Co-founder of the cryptocurrency company FTX Sam Bankman-Fried has been freed after paying a $250 million bond. The case, in which SBF, as it is called internationally, had its maiden appearance in US territory and is accused of eight counts of fraud and conspiracy for the collapse of the exchange, has been approved by federal judge Gabriel Gorenstein. He will now reside at his parents' home while being subject to various forms of surveillance.


According to the magistrate, there is "little risk" of Bankman-Fried escaping, hence there is no "threat to the public in terms of future financial crimes." In this way, he will wear an electronic monitoring bracelet and be placed under house arrest in the Palo Alto, California, home of his parents, who are both Stanford University professors. The bail also included requirements for mental health care, the surrender of guns, and a ban on starting new businesses or engaging in transactions worth more than $1,000 without the government's approval.


The FTX founder was detained on December 13 after the Bahamian government received notice from the US that charges had been brought against him. He was extradited into FBI custody just a week later, a procedure he voluntarily facilitated because, in his own words, he was "wanting to get out" of that prison, which was well-known for its terrible conditions.

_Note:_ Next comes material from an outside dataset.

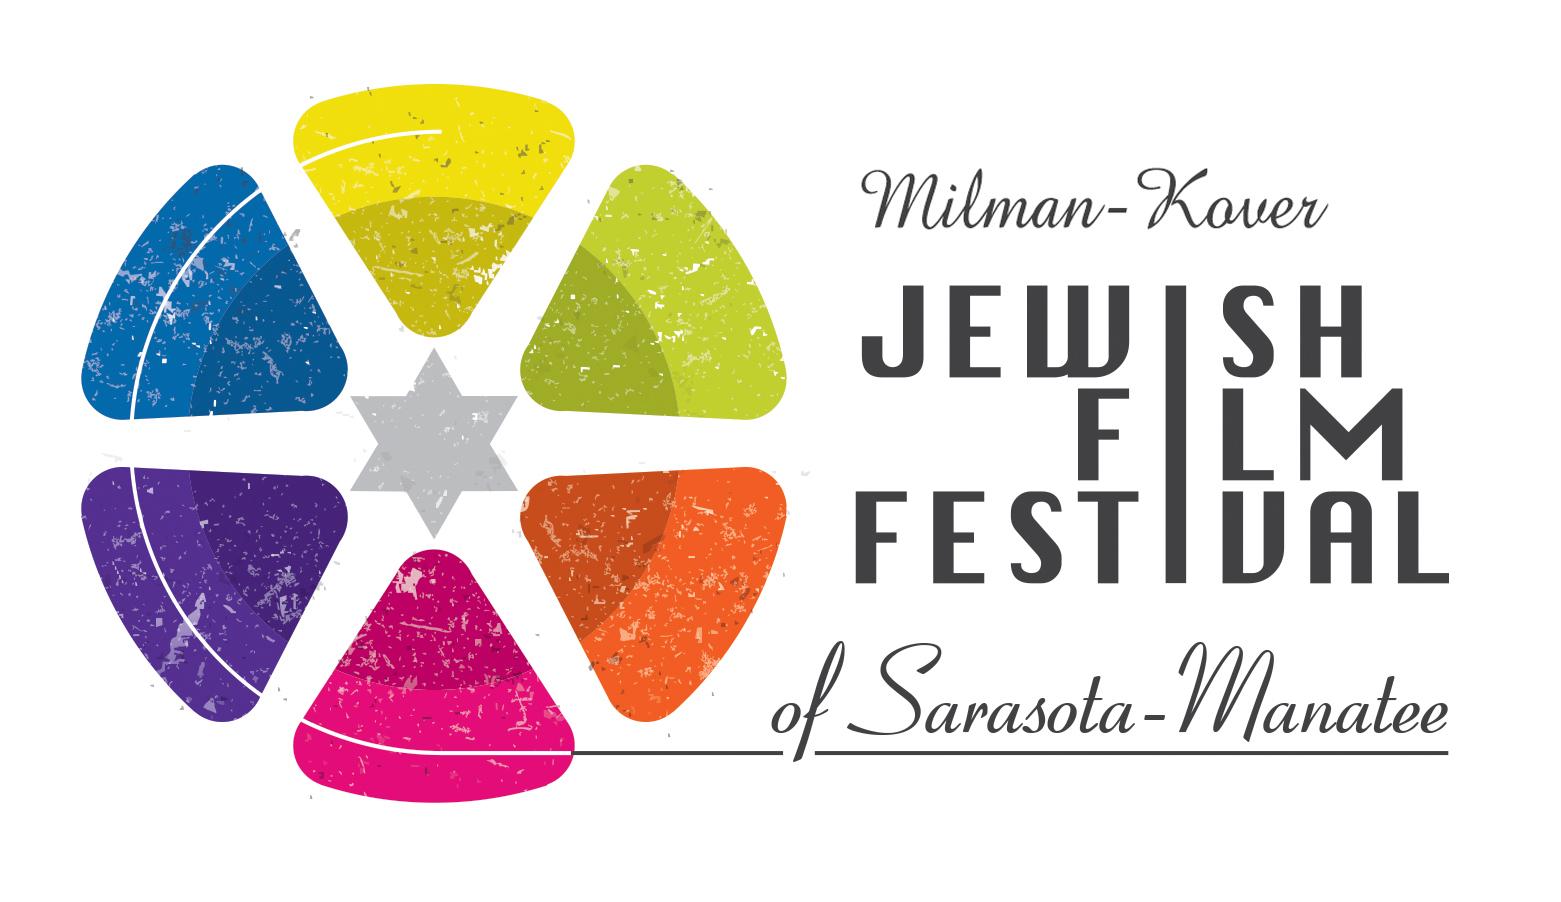 2015 Jewish Film Festival
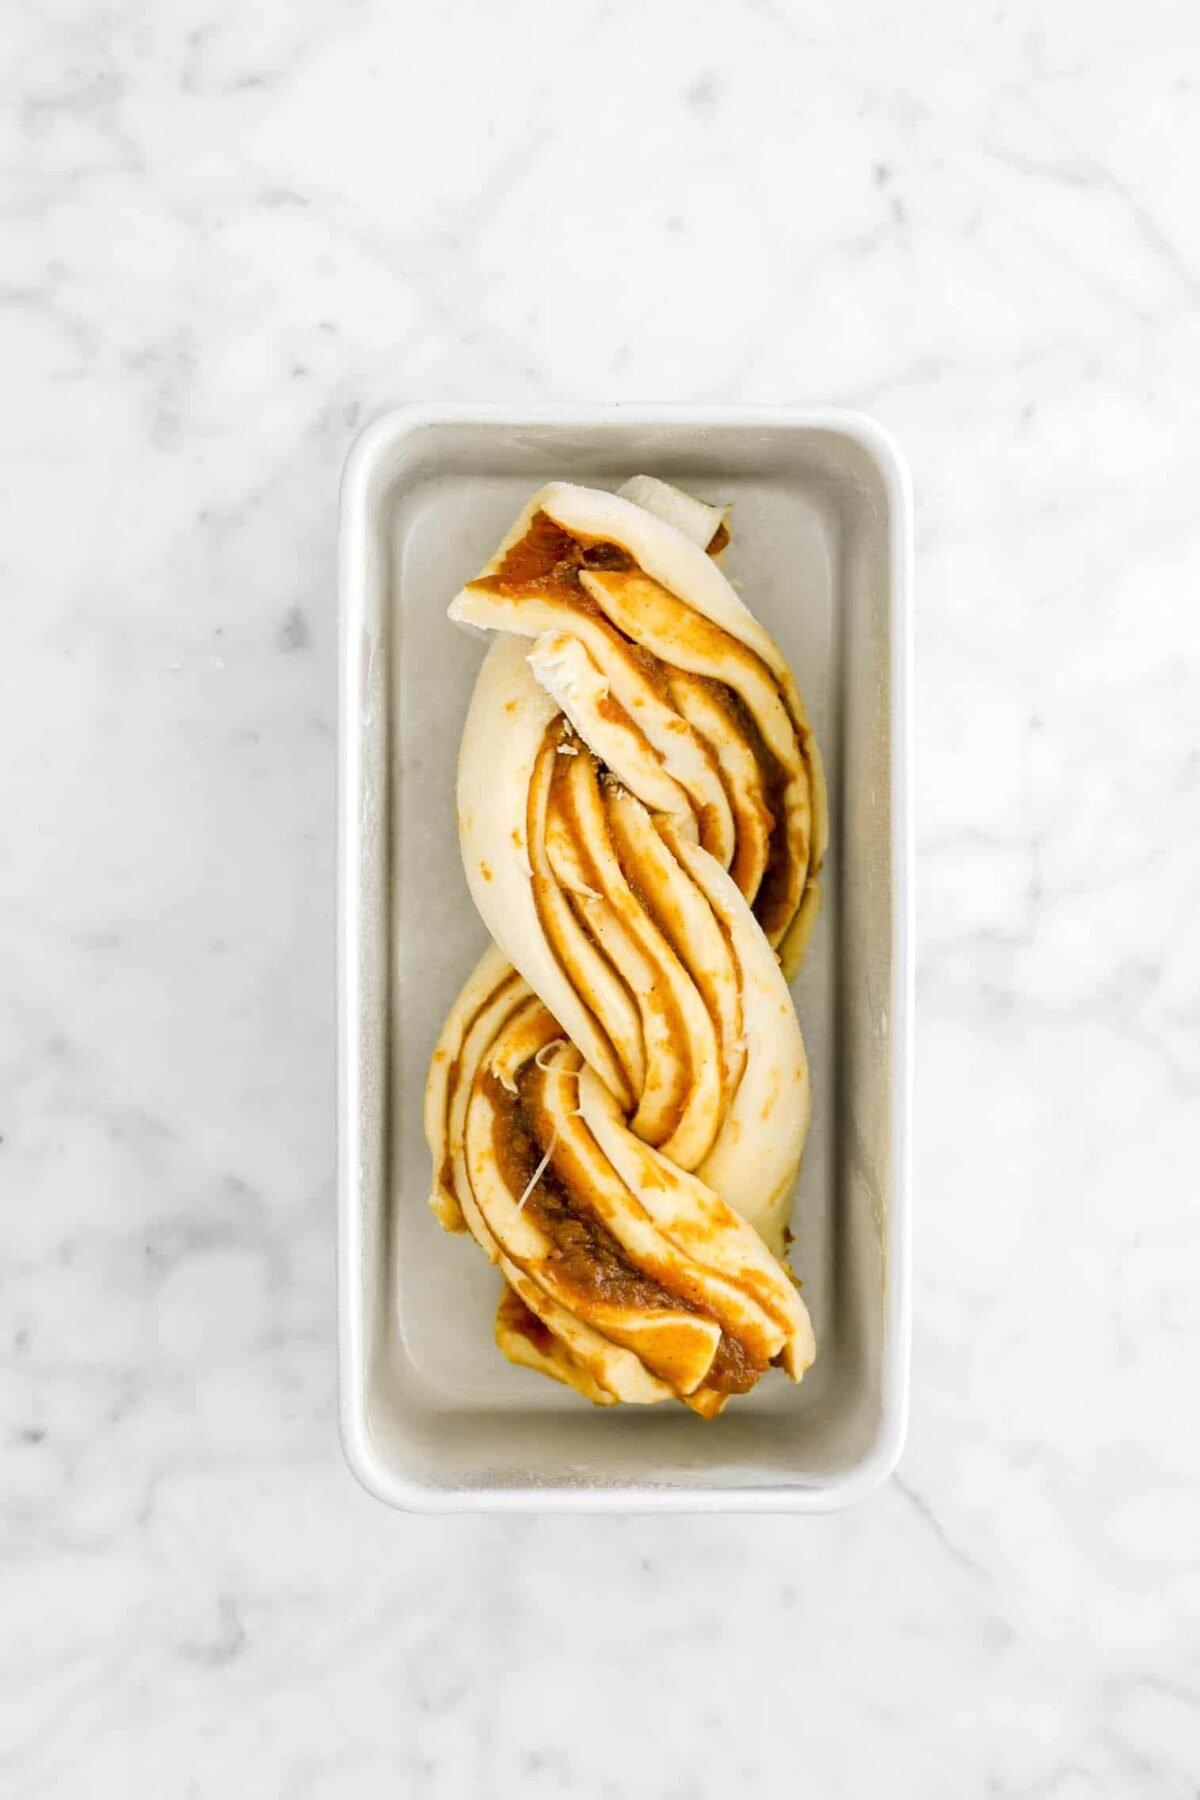 babka in rectangle loaf pan

In either case, Bankman-Fried is not the only prominent member of FTX who has encountered legal issues. Co-founder Gary Wang and Caroline Ellison, the former CEO of Alameda Research, the investment company they used to create the accounting scheme that would engulf FTX, both entered guilty pleas for their roles in the bankruptcy on Wednesday.


To carry out the process of asset evaluation and liquidation for the benefit of the interested parties in a timely way, FTX stated in mid-November that it has chosen to file for protection under Chapter 11 of the United States Bankruptcy Law. In addition to withholding close to 8,000 million dollars from its clients, FTX owed its 50 largest creditors about 3,100 million dollars (2,919 million euros) in total. No one, not even the seasoned firm liquidator, knows what happened to all that money because of the accounting shambles.